Less than 10 years ago, Florida ranked third in America for arts funding. The 2024 veto now puts Florida dead last.

Jason R. Hughes is the CEO of ArtServe in Fort Lauderdale.

Specifically for Broward County, this means 54 grant requests will go unfunded and $3.3 million in arts funding will no longer be coming to our community. This funding supports jobs, programming, tourism and contributes to a $386 million local economic impact.

Arguably, we could all certainly survive on just the bare basics — food, clothing and shelter. But is survival really what life is all about?
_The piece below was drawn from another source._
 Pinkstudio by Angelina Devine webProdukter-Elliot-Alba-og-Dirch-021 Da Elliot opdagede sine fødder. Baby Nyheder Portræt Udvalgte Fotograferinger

Certainly, local real estate developers don’t seem to think so, citing Broward’s vibrant cultural arts scene as a backdrop in selling buyers on the promise of a sophisticated, cosmopolitan lifestyle, for example.
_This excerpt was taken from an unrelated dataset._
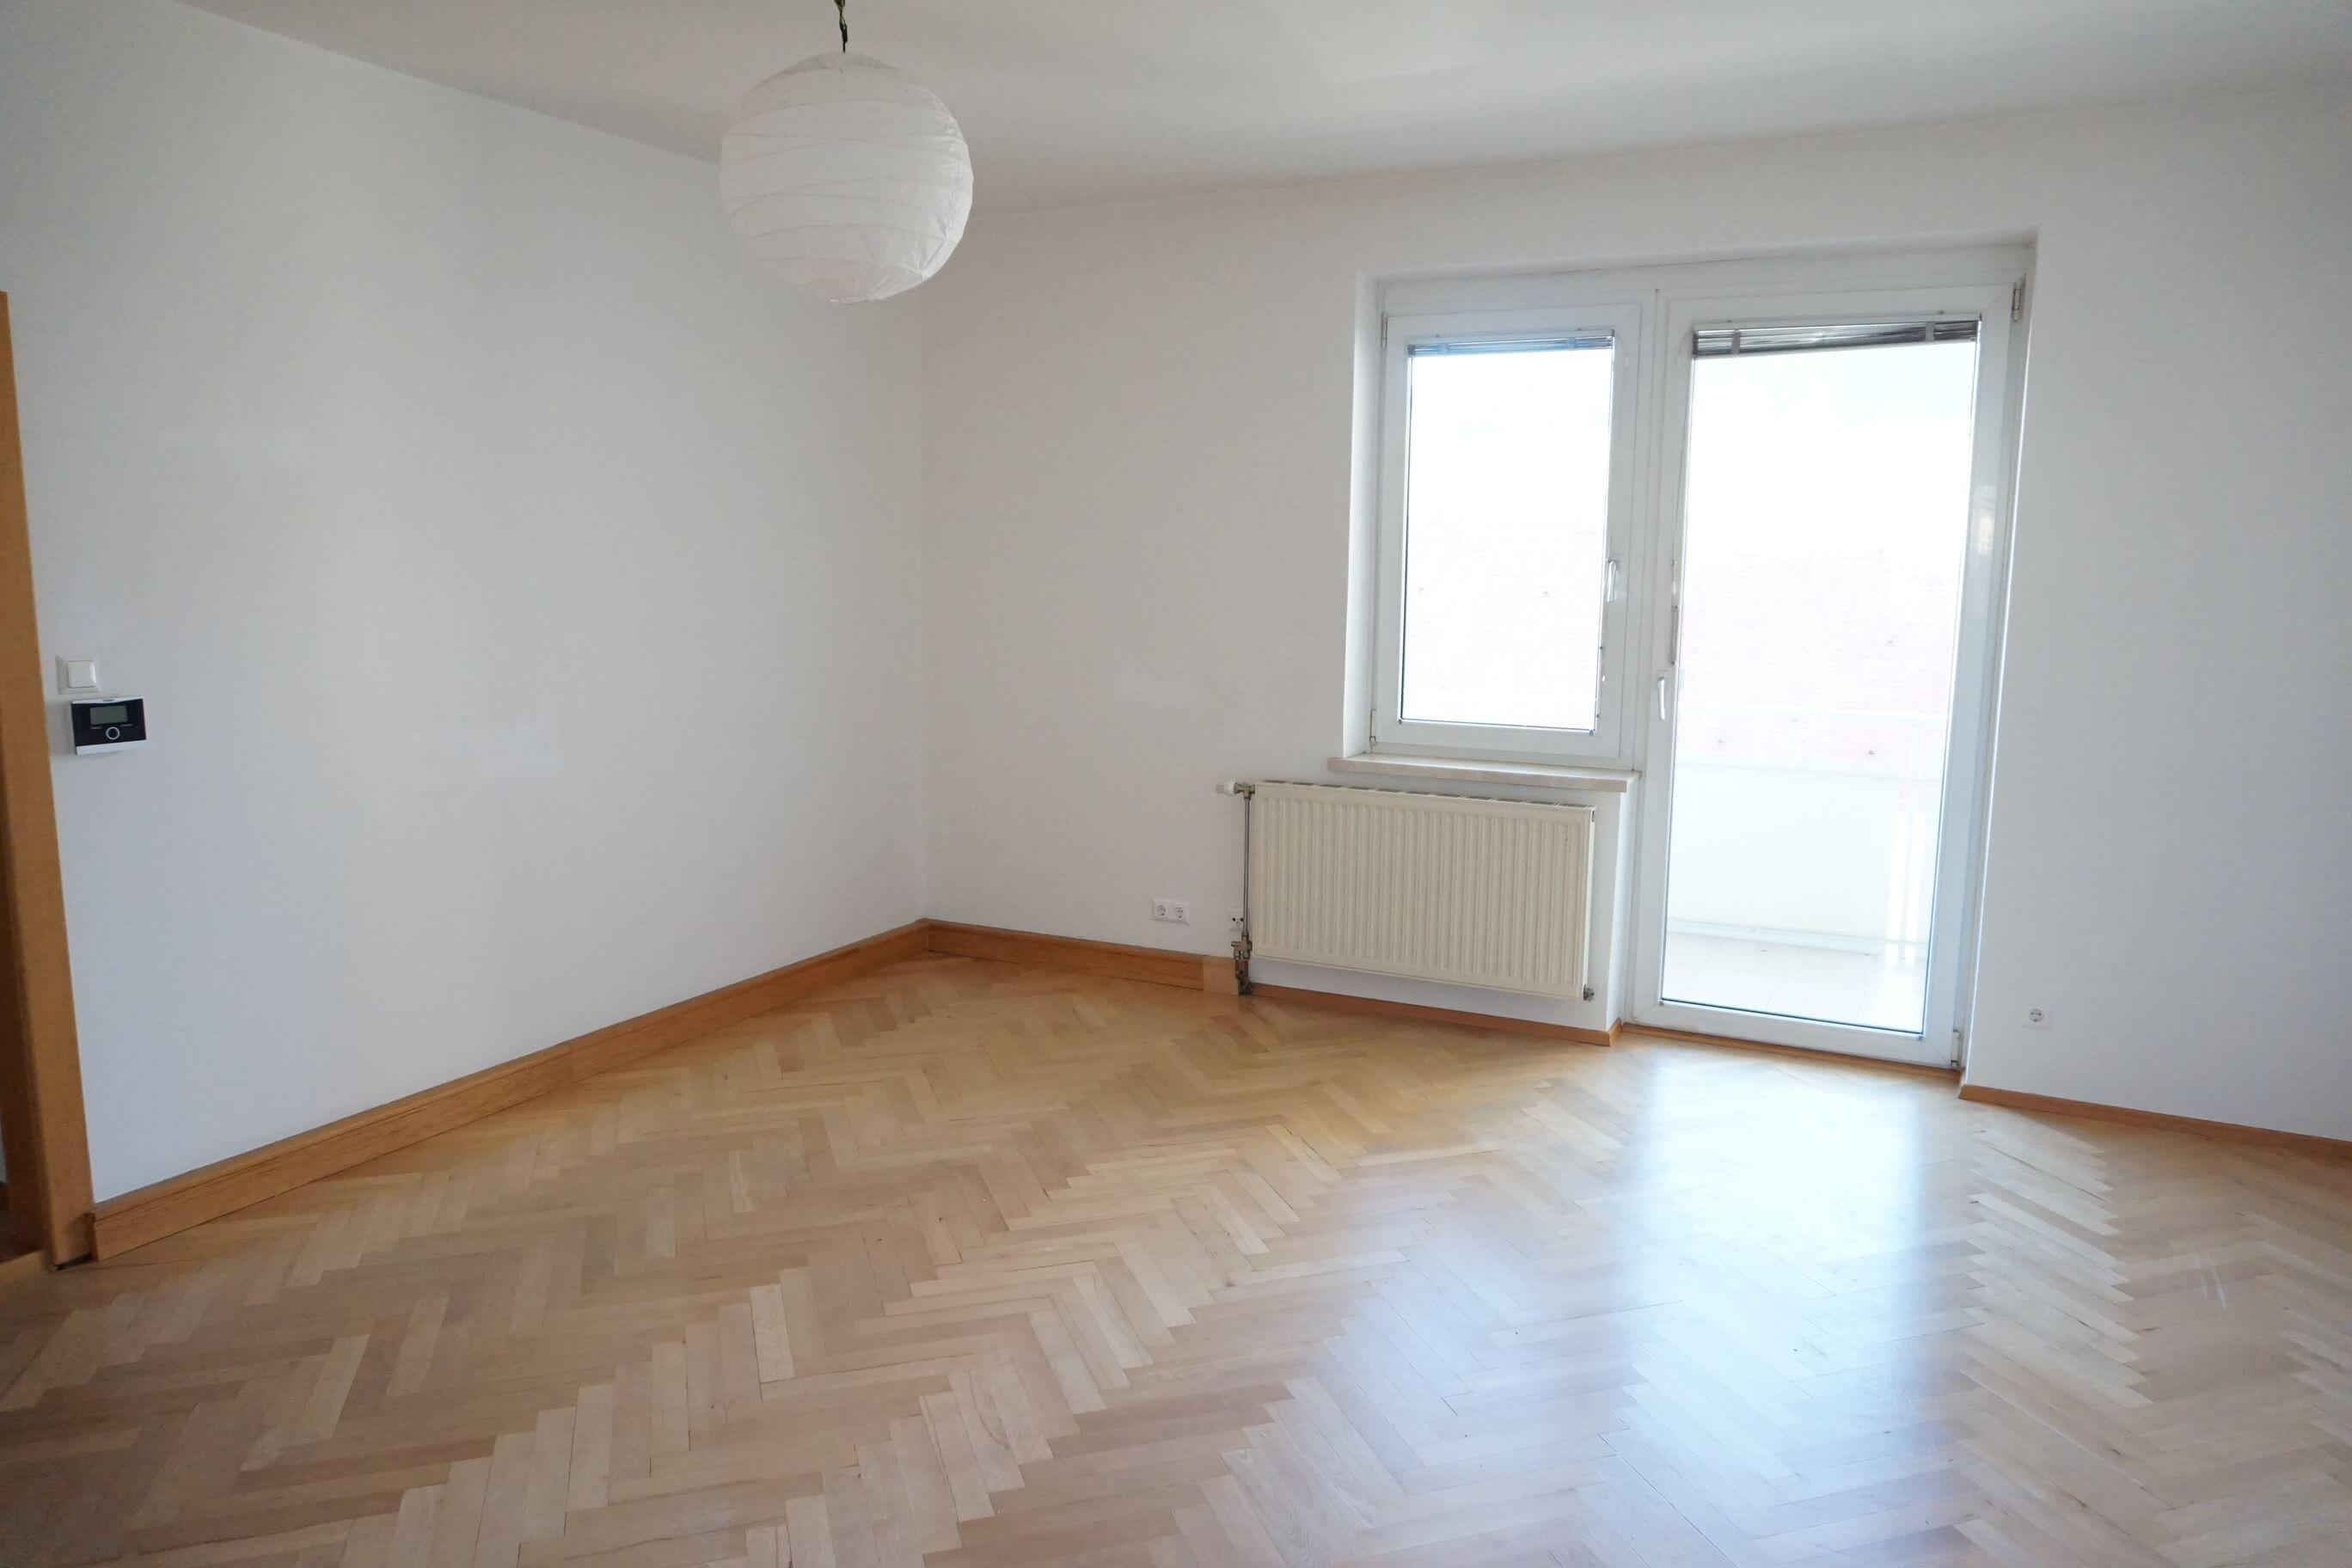 Bruck/Mur-Schillerstrasse: 4-Zimmer Mietwohnung

Beyond Broward’s many visual arts galleries and performing arts stages, witness the creative spark igniting virtually every other industry on the economic spectrum: The chef whose Instagramable culinary presentations draw foodies from around the world. The architect who designs graceful buildings to highlight the area’s best attributes. The jeweler whose creations draw luxury spenders. The industrial engineer whose innovations launch paradigm-changing manufacturing and technology marvels.
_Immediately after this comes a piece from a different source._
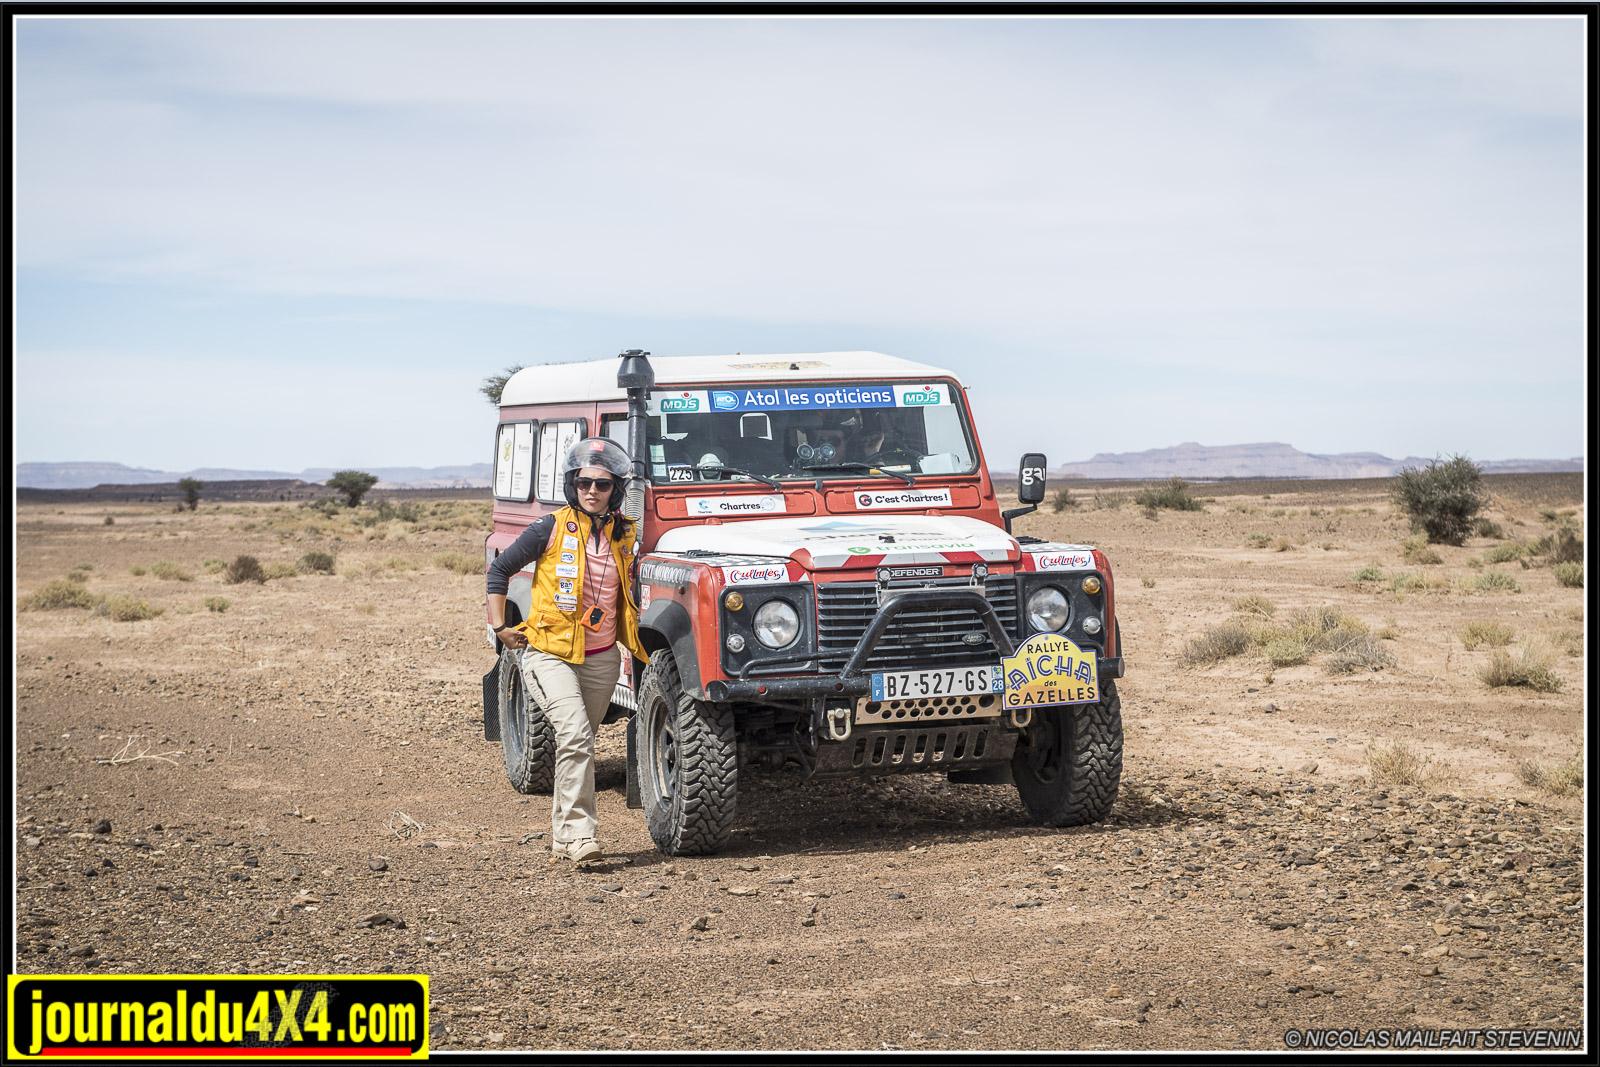 rallye-aicha-gazelles-maroc-2017-6767.jpg

In a timely coincidence, ArtServe’s upcoming “Ready Made” exhibit will feature these types of non-traditional artists whose work embellishes our lives with a unique richness that would never otherwise be accorded its due space on a gallery wall, like florists, fashion designers, wine bottle label designers, hairstylists and pastry chefs, just to name a few.

Florida’s devastating arts funding veto now warrants yet another serious look at the economic impact created by these arts-based businesses, which are just like any other that also employs and sustains secondary vendors through the purchase of goods and services such as catering, marketing, bookkeeping and more.

We must also contemplate whether we want to create the kind of community in which the artists behind these businesses can thrive.

The hard economic numbers are already on the books. The heavily cited national 2022 Arts and Economic Prosperity 6 Study (AEP6) showed that a lively arts and culture scene keeps residents spending locally, strengthens the visitor economy, sparks creativity and innovation, and imparts people with a sense of improved personal well-being, among many other tangible returns on investment.

With the financial damage now done, the only question remains whether we collectively value the arts enough to do something about it.

Jason R. Hughes is the CEO of ArtServe in Fort Lauderdale.